◆ Provided material ◆

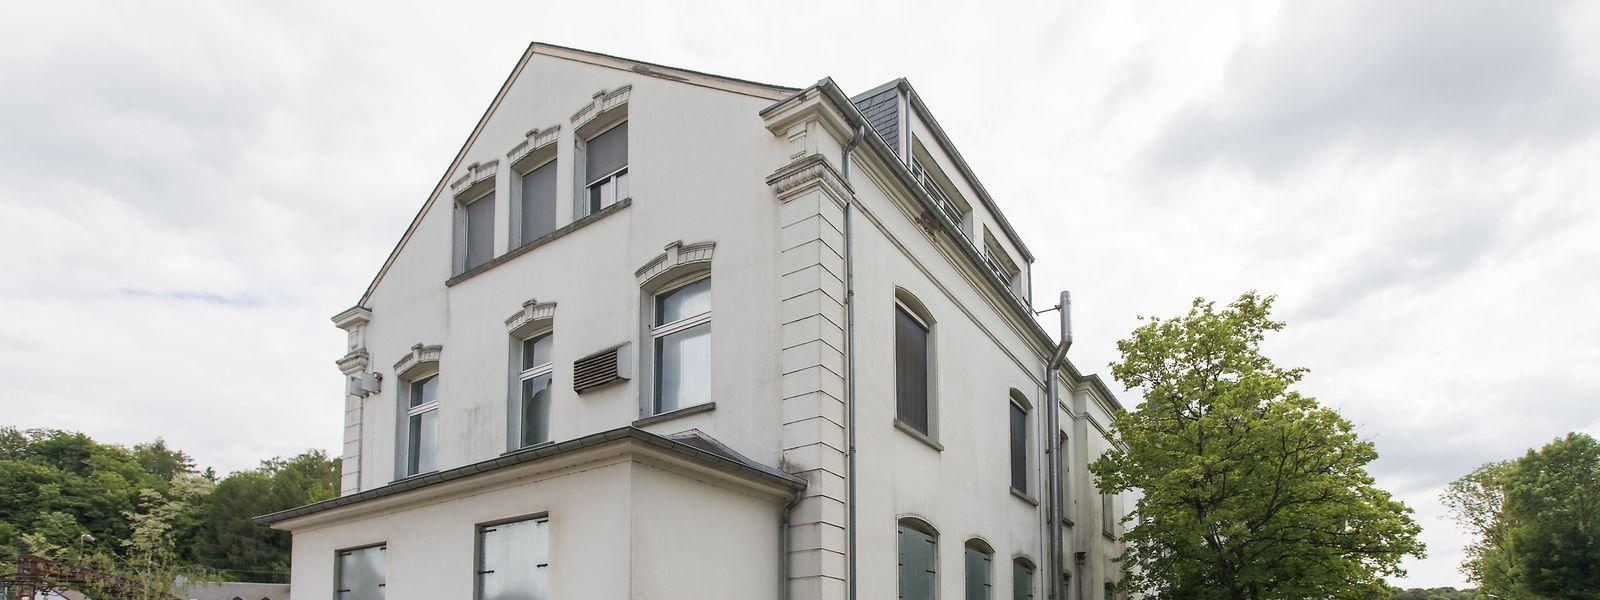 Raum für Kreativität: Bevor auf der Brache Esch-Schifflingen das Quartier Alzette entsteht, werden die alten Gemäuer des ehemaligen Arbed-Direktionsgebäudes anhand von Kunstprojekten neu belebt.
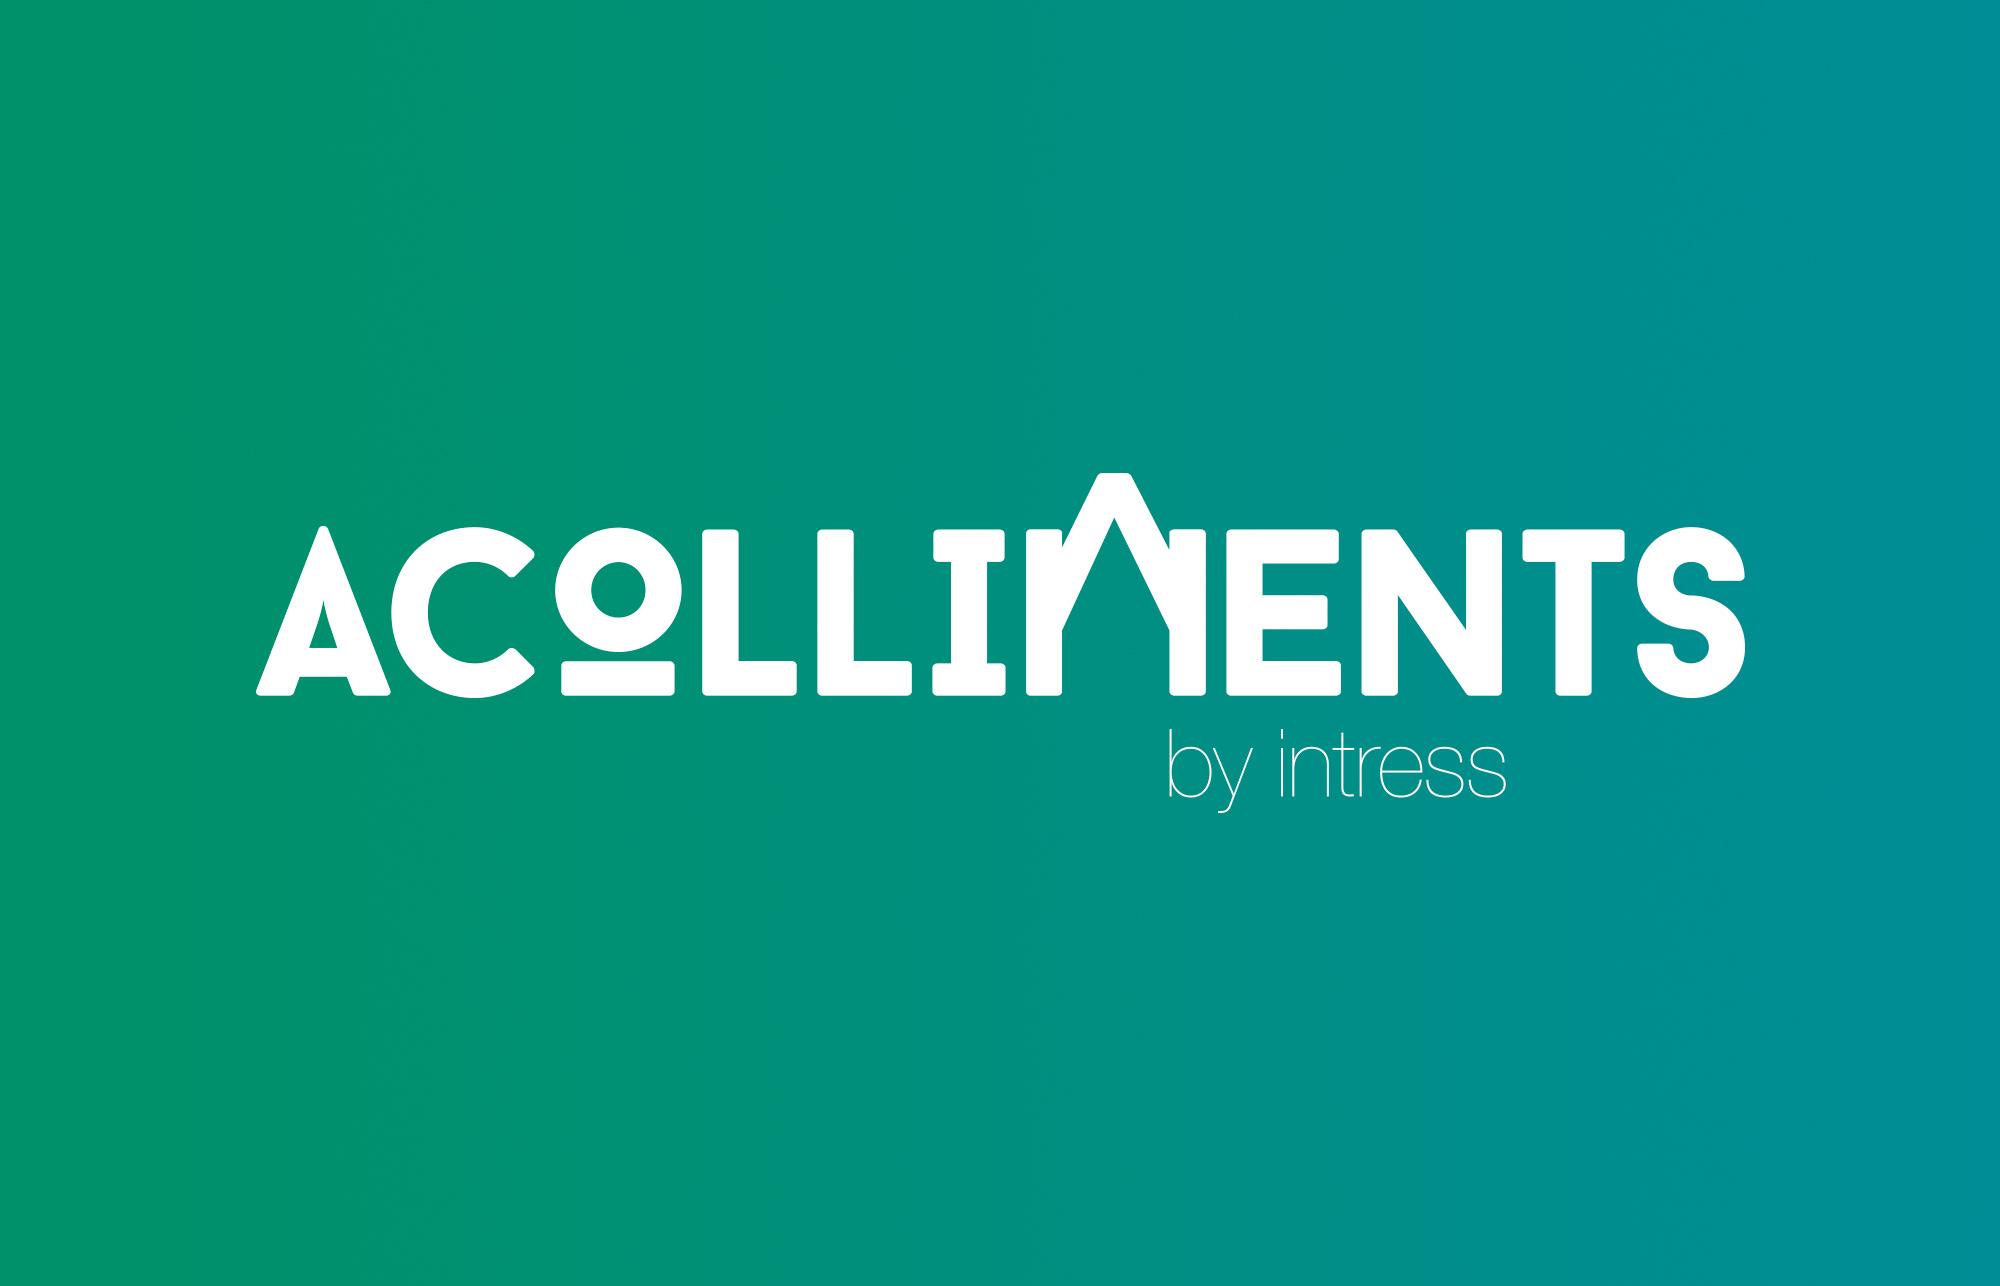 Acolliments, Barcelona, la Negreta, Campanya, Disseny Gràfic, Intress, Logotip, Marca, Branding
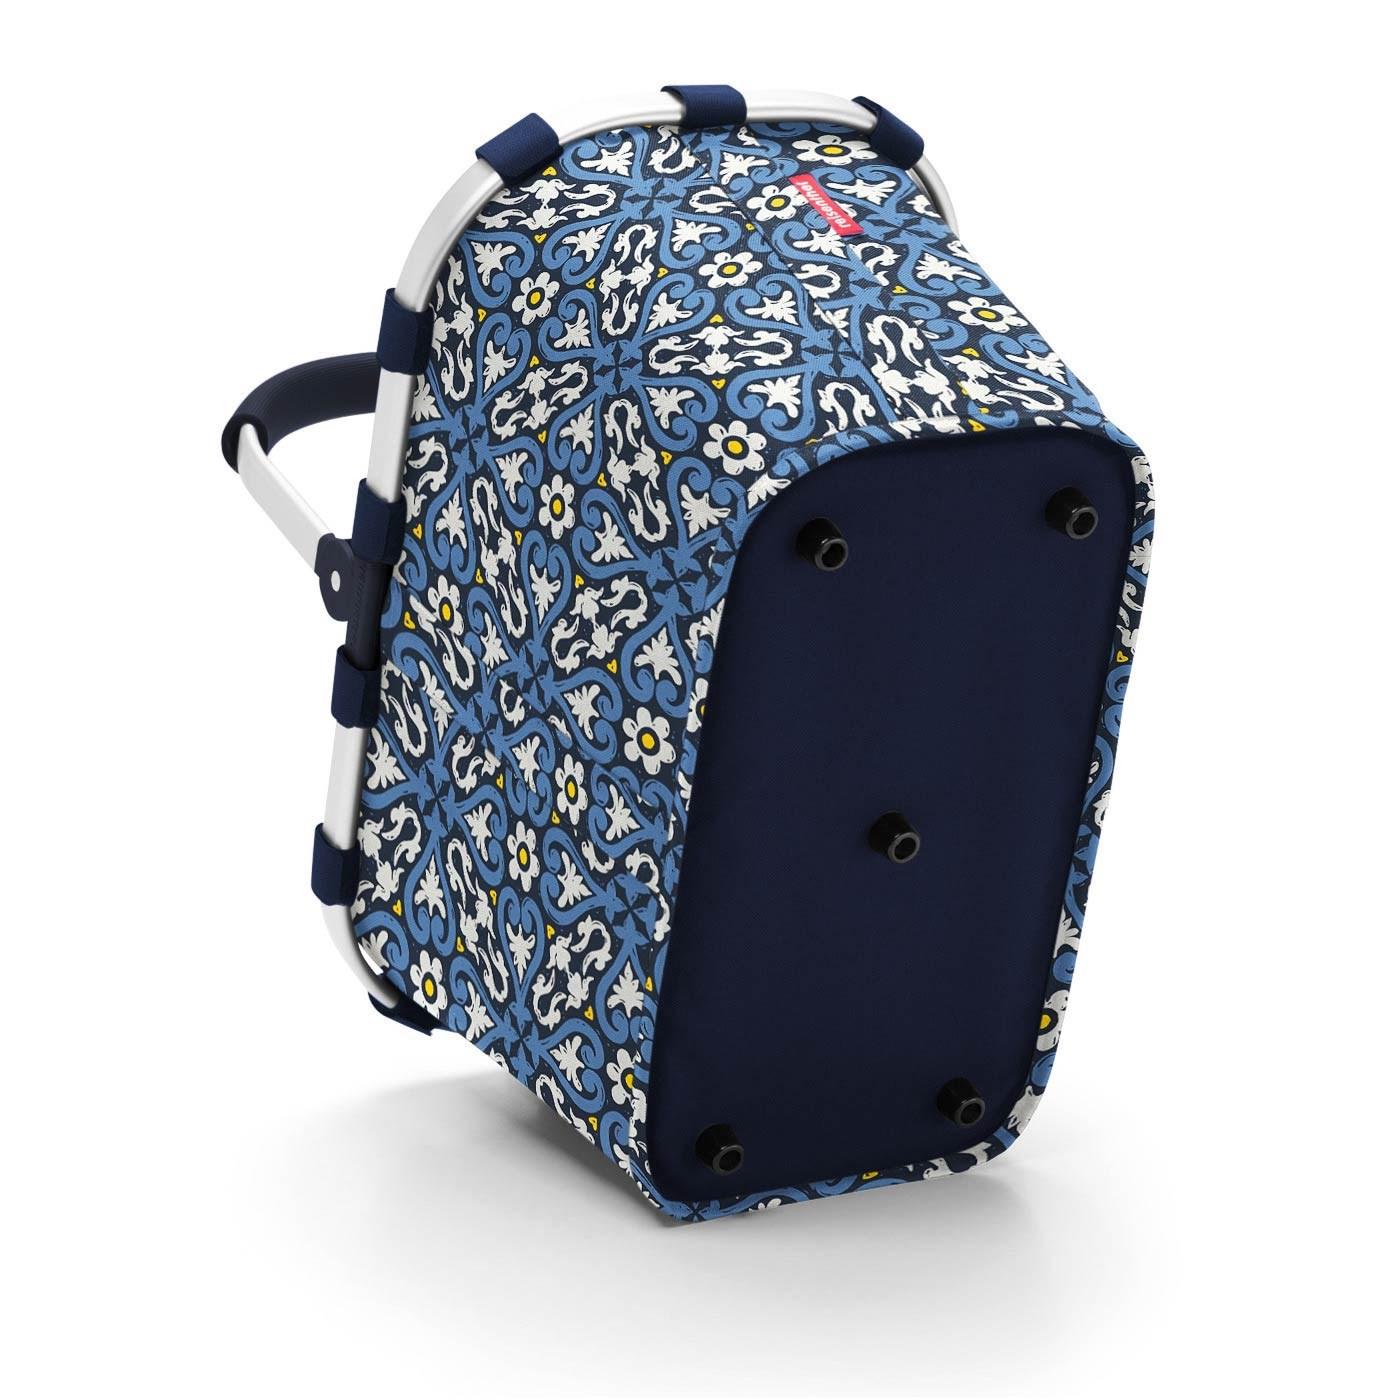 Nákupní košík Carrybag floral 1_3
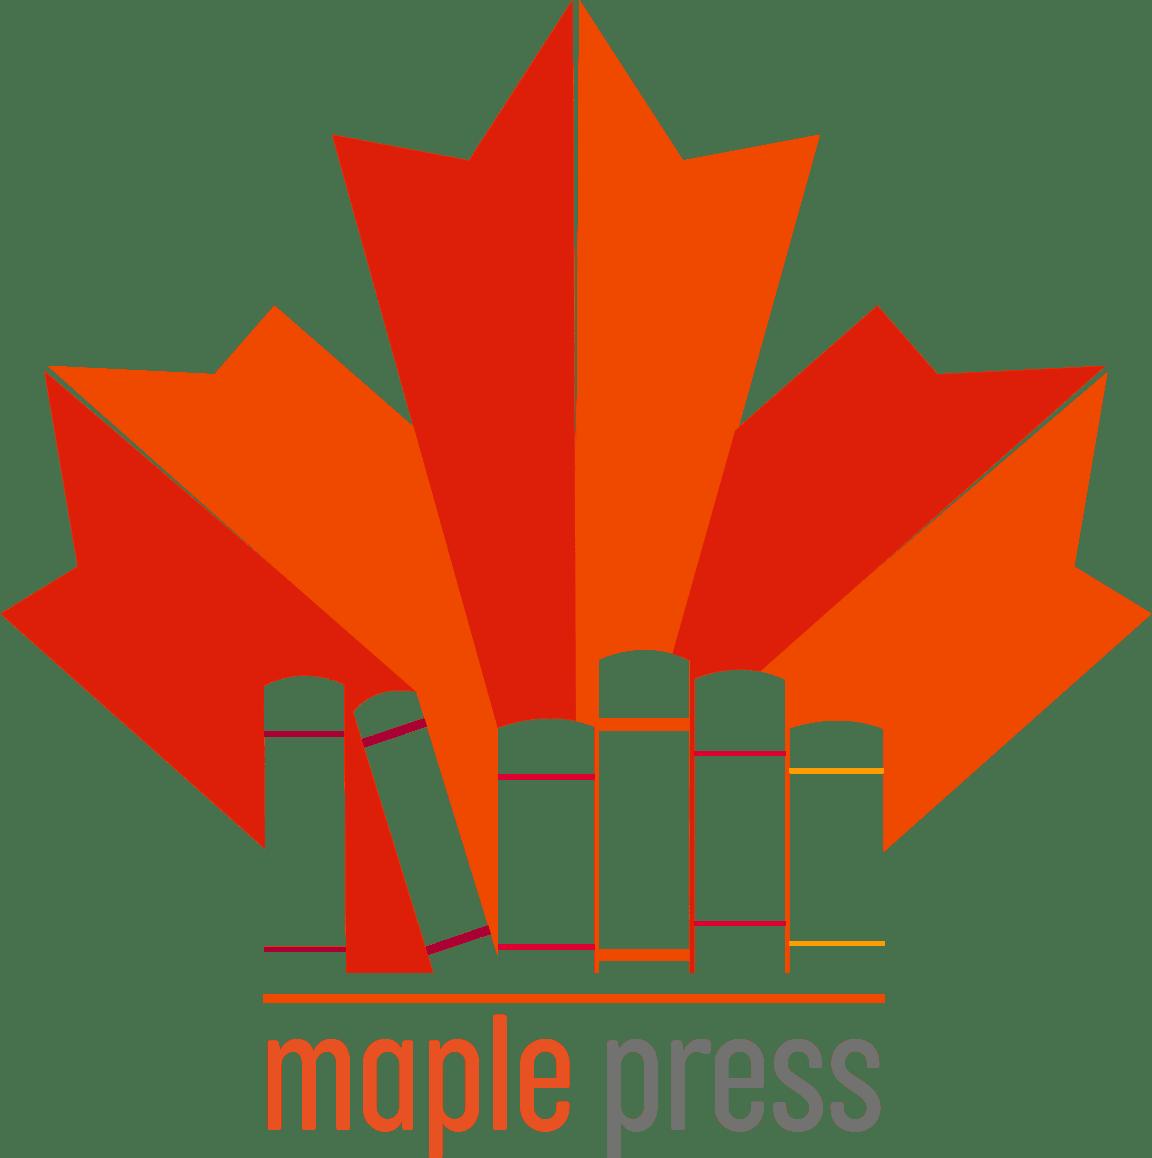 Maple Press

◆ Brief ◆
Please retype the whole of the data precisely, omitting pictures.

◆ Result of the task ◆
 Raum für Kreativität: Bevor auf der Brache Esch-Schifflingen das Quartier Alzette entsteht, werden die alten Gemäuer des ehemaligen Arbed-Direktionsgebäudes anhand von Kunstprojekten neu belebt.
 Acolliments, Barcelona, la Negreta, Campanya, Disseny Gràfic, Intress, Logotip, Marca, Branding
 Nákupní košík Carrybag floral 1_3
 Maple Press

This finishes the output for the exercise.